BofA lowers Equifax rating to neutral after underwhelming investor day

Published 23/06/2025, 12:58
© Reuters.

Investing.com -- Bank of America (BofA) Securities lowered its rating on Equifax (NYSE:EFX) stock to Neutral from Buy and trimmed the price target to $285 from $300, following what analysts described as an underwhelming investor day.

The bank also lowered its adjusted earnings per share (EPS) estimates for 2025 and 2026 to $7.58 and $8.91, respectively, citing limited upside to the company’s long-term growth narrative.

According to BofA, one of the key investor expectations heading into the event was a revision to Equifax’s long-term growth targets, originally set in 2021. Those expectations were not met.

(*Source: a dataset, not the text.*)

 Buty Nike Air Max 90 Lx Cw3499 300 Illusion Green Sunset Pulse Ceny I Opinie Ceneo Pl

“We were disappointed that EFX did not revise its long-term (LT) growth outlook,” analysts Joshua Dennerlein and Wahid Amin wrote, noting the company has underperformed its previous targets due to delays in its cloud platform migration and a weak mortgage market.

The analysts also expressed skepticism about the company’s focus on infrastructure transformation.

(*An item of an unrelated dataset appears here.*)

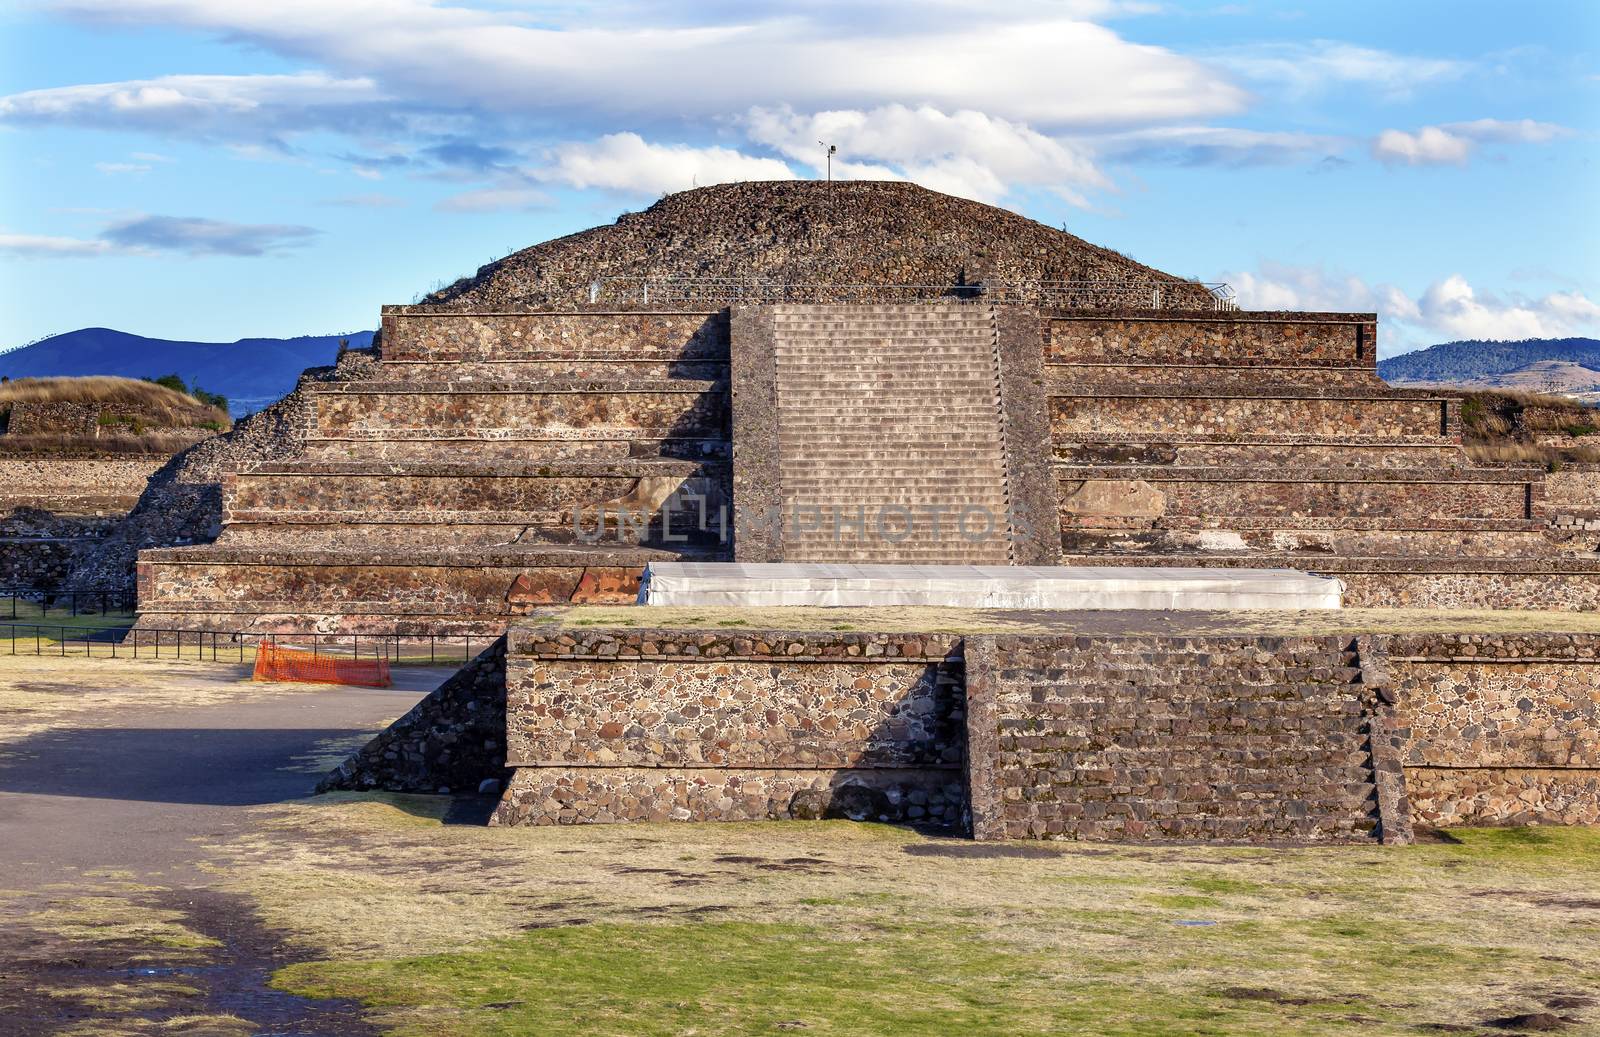 Temple of Quetzalcoatl Pyramid Teotihuacan Mexico City Mexico by bill_perry

“EFX’s value is their data not their infrastructure,” the analysts stated, adding that the time spent on the new cloud-native platform at the investor day did little to convince the market of a durable competitive edge.

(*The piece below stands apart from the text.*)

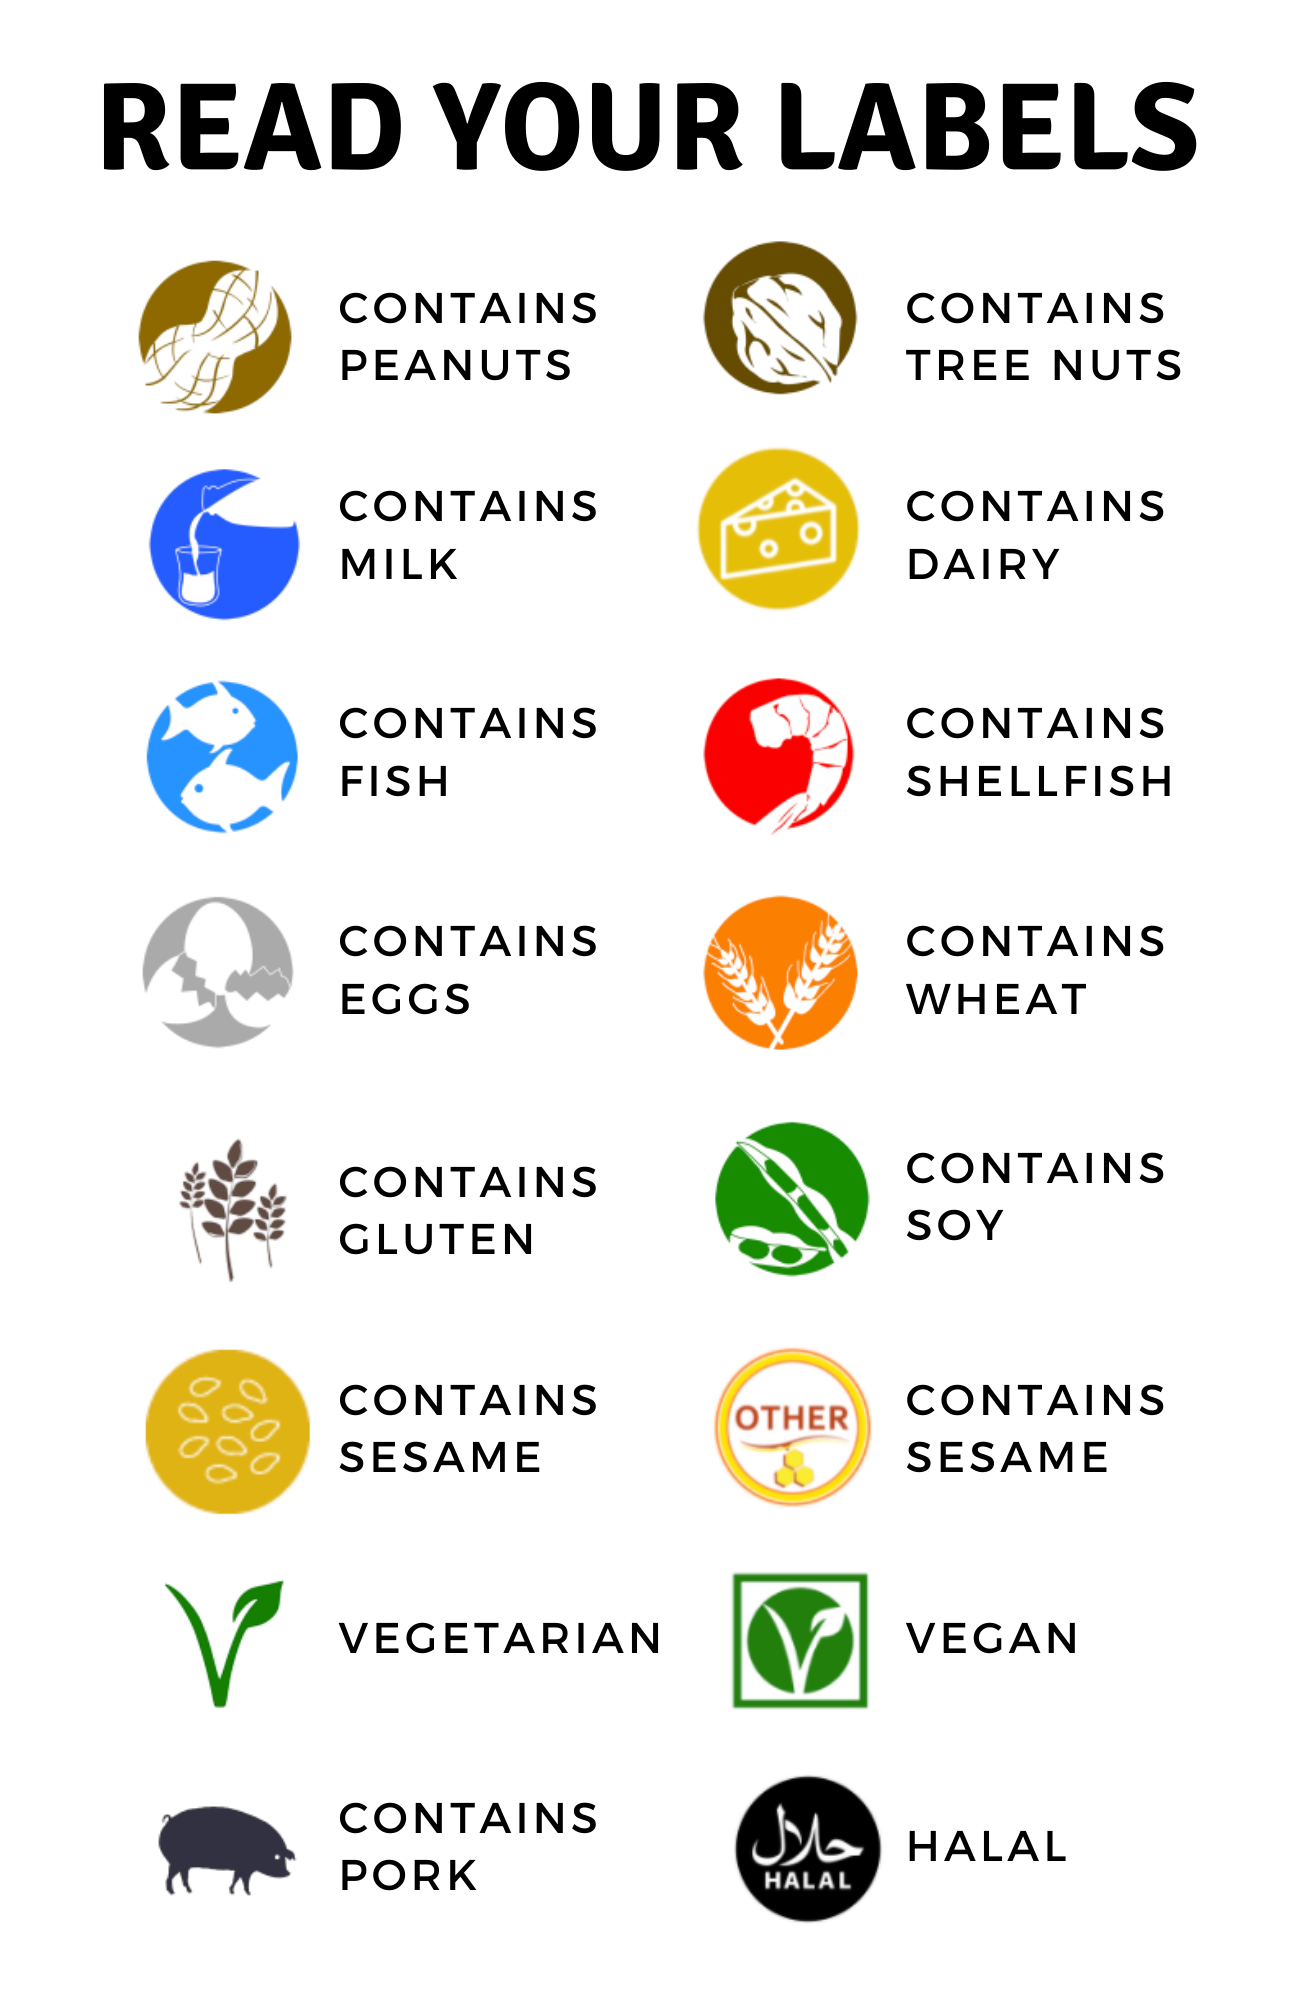 Read Your Labels Image with Allergen Icons and Labels

While the credit ratings firm highlighted the potential of its unique datasets—particularly The Work Number (TWN)—to support growth through new use cases in government and credit pull integrations, BofA questioned how much market share the company could capture and in what timeframe.

The bank pointed out that consensus expectations may be too optimistic. “The Street is ahead of EFX’s 2030 estimates,” BofA warned, suggesting that current forecasts imply possible downside risk if a recovery in the mortgage segment remains elusive.

Shares in Equifax were down 0.8% in premarket trading Monday as of 11:55 GMT.